══ Supplied records
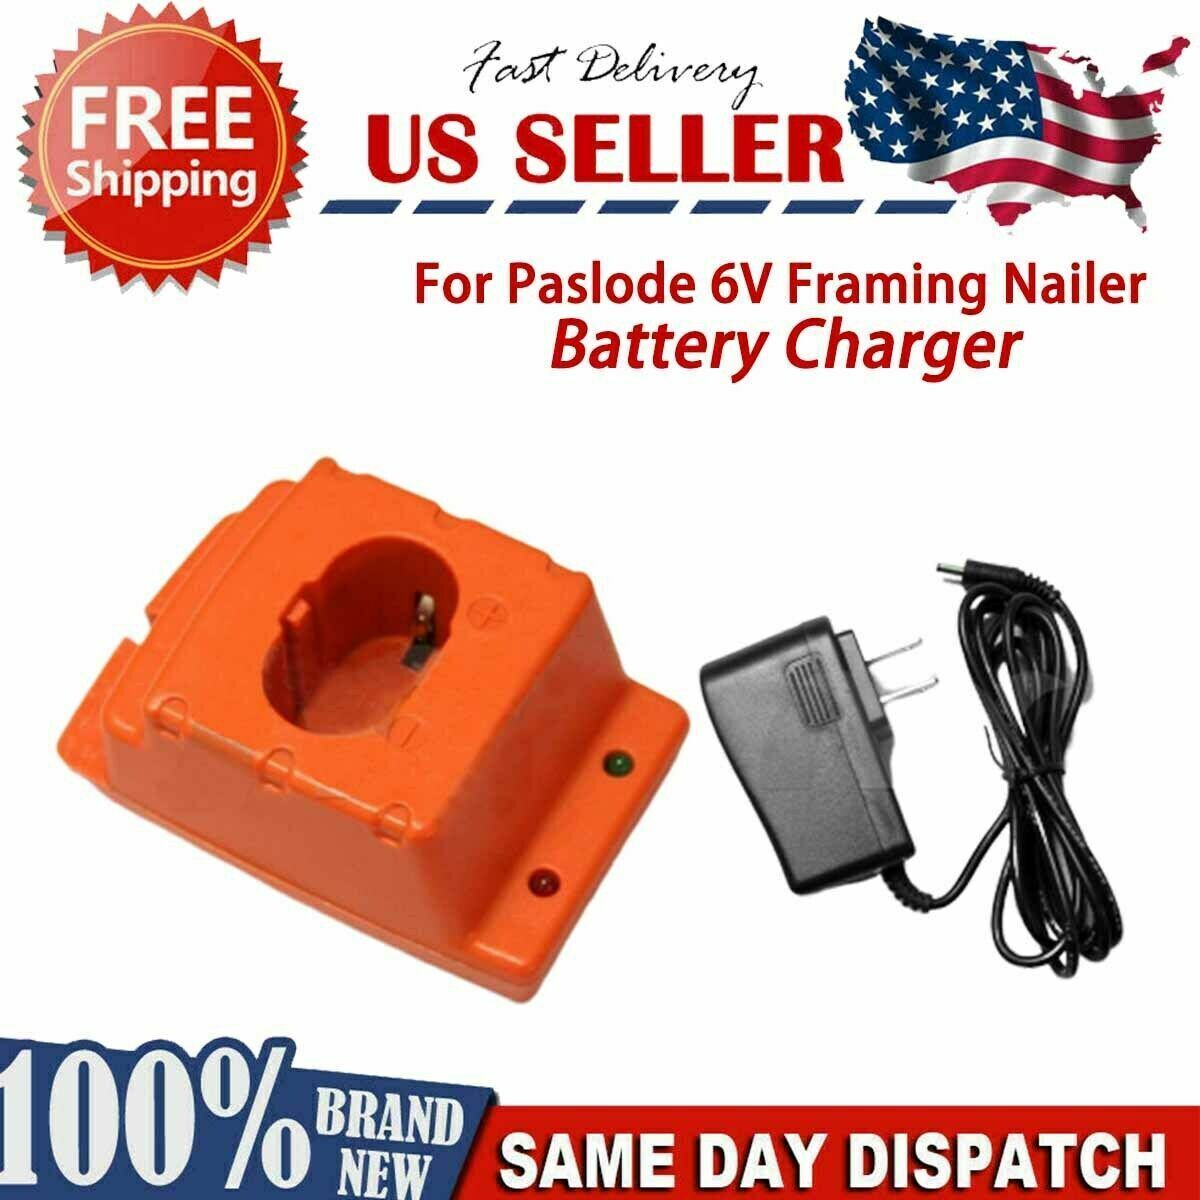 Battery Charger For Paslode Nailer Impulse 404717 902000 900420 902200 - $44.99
════
══ Supplied records
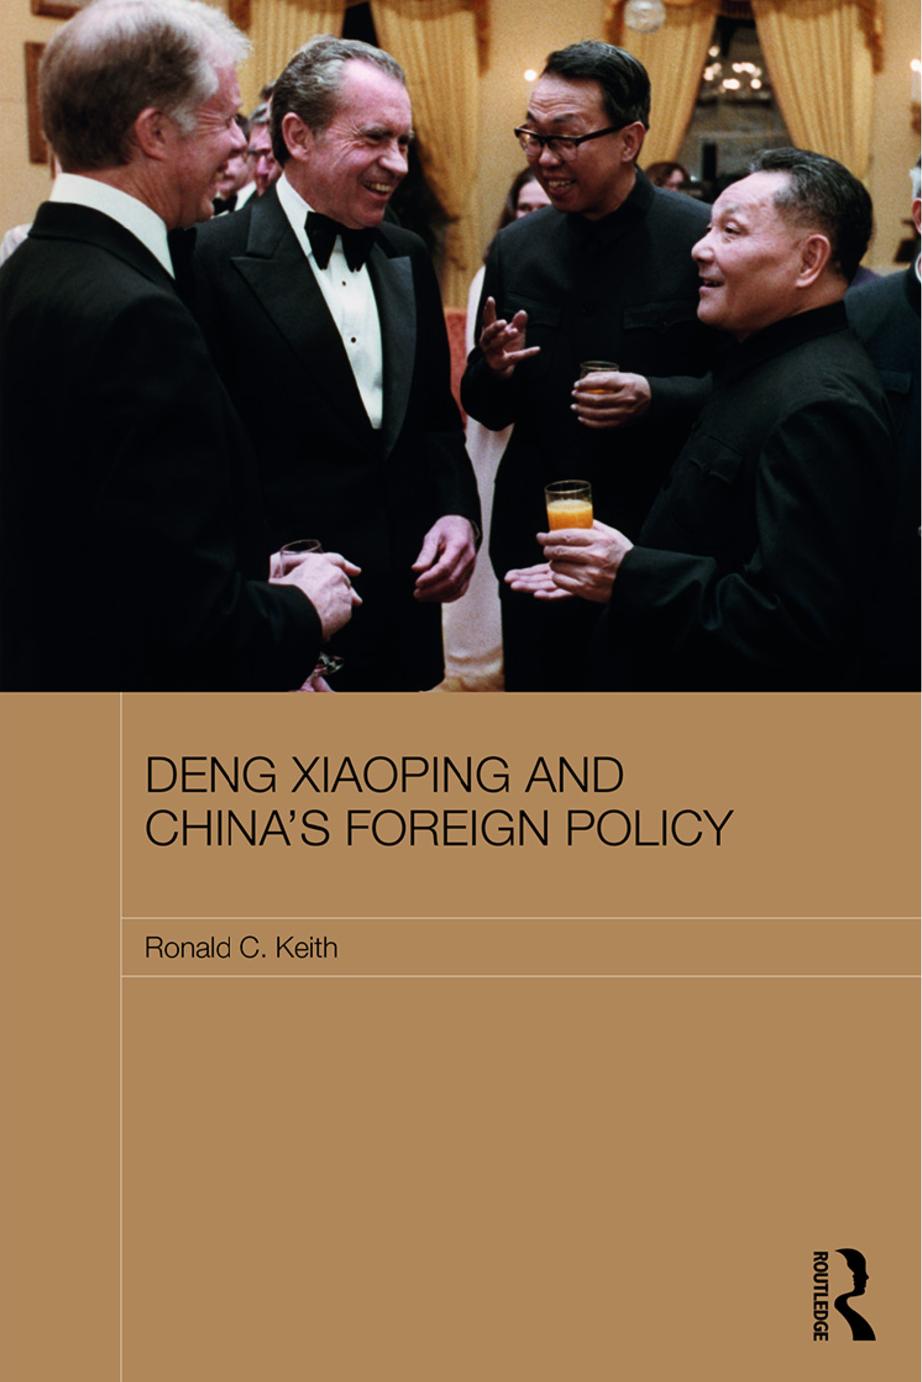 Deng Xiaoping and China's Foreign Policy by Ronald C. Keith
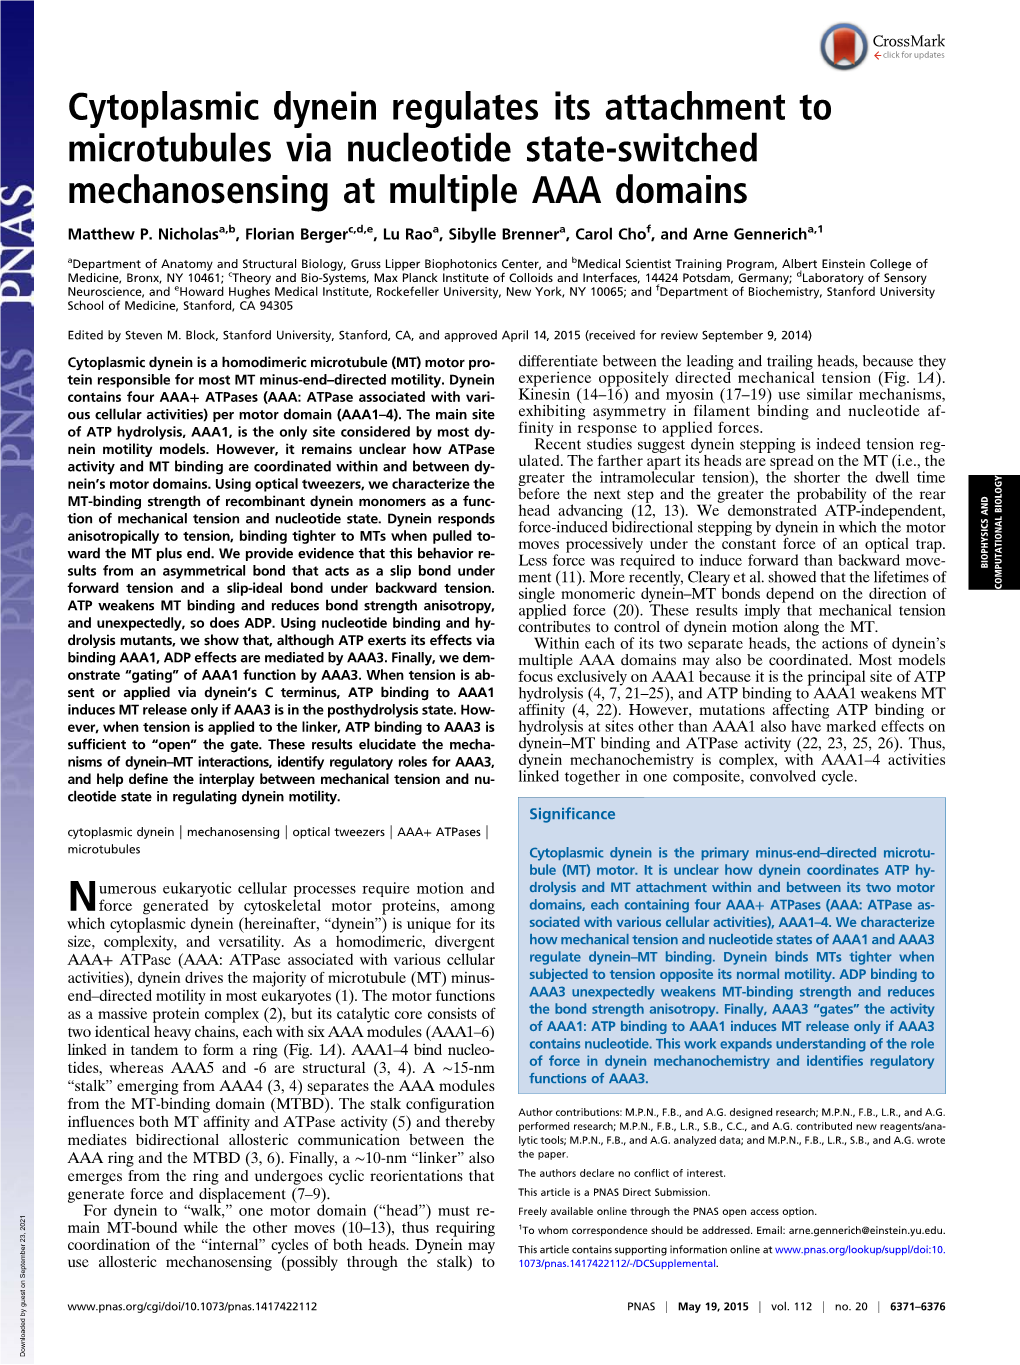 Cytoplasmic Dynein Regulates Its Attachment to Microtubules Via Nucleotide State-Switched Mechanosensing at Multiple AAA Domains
════
*The task*
When you reach the line with "Deng Xiaoping and" in the records above, begin repeating the lines exactly, and stop after the line with "Cytoplasmic Dynein Regulates". Skip all pictures.

*Result of this task*
 Deng Xiaoping and China's Foreign Policy by Ronald C. Keith
 Cytoplasmic Dynein Regulates Its Attachment to Microtubules Via Nucleotide State-Switched Mechanosensing at Multiple AAA Domains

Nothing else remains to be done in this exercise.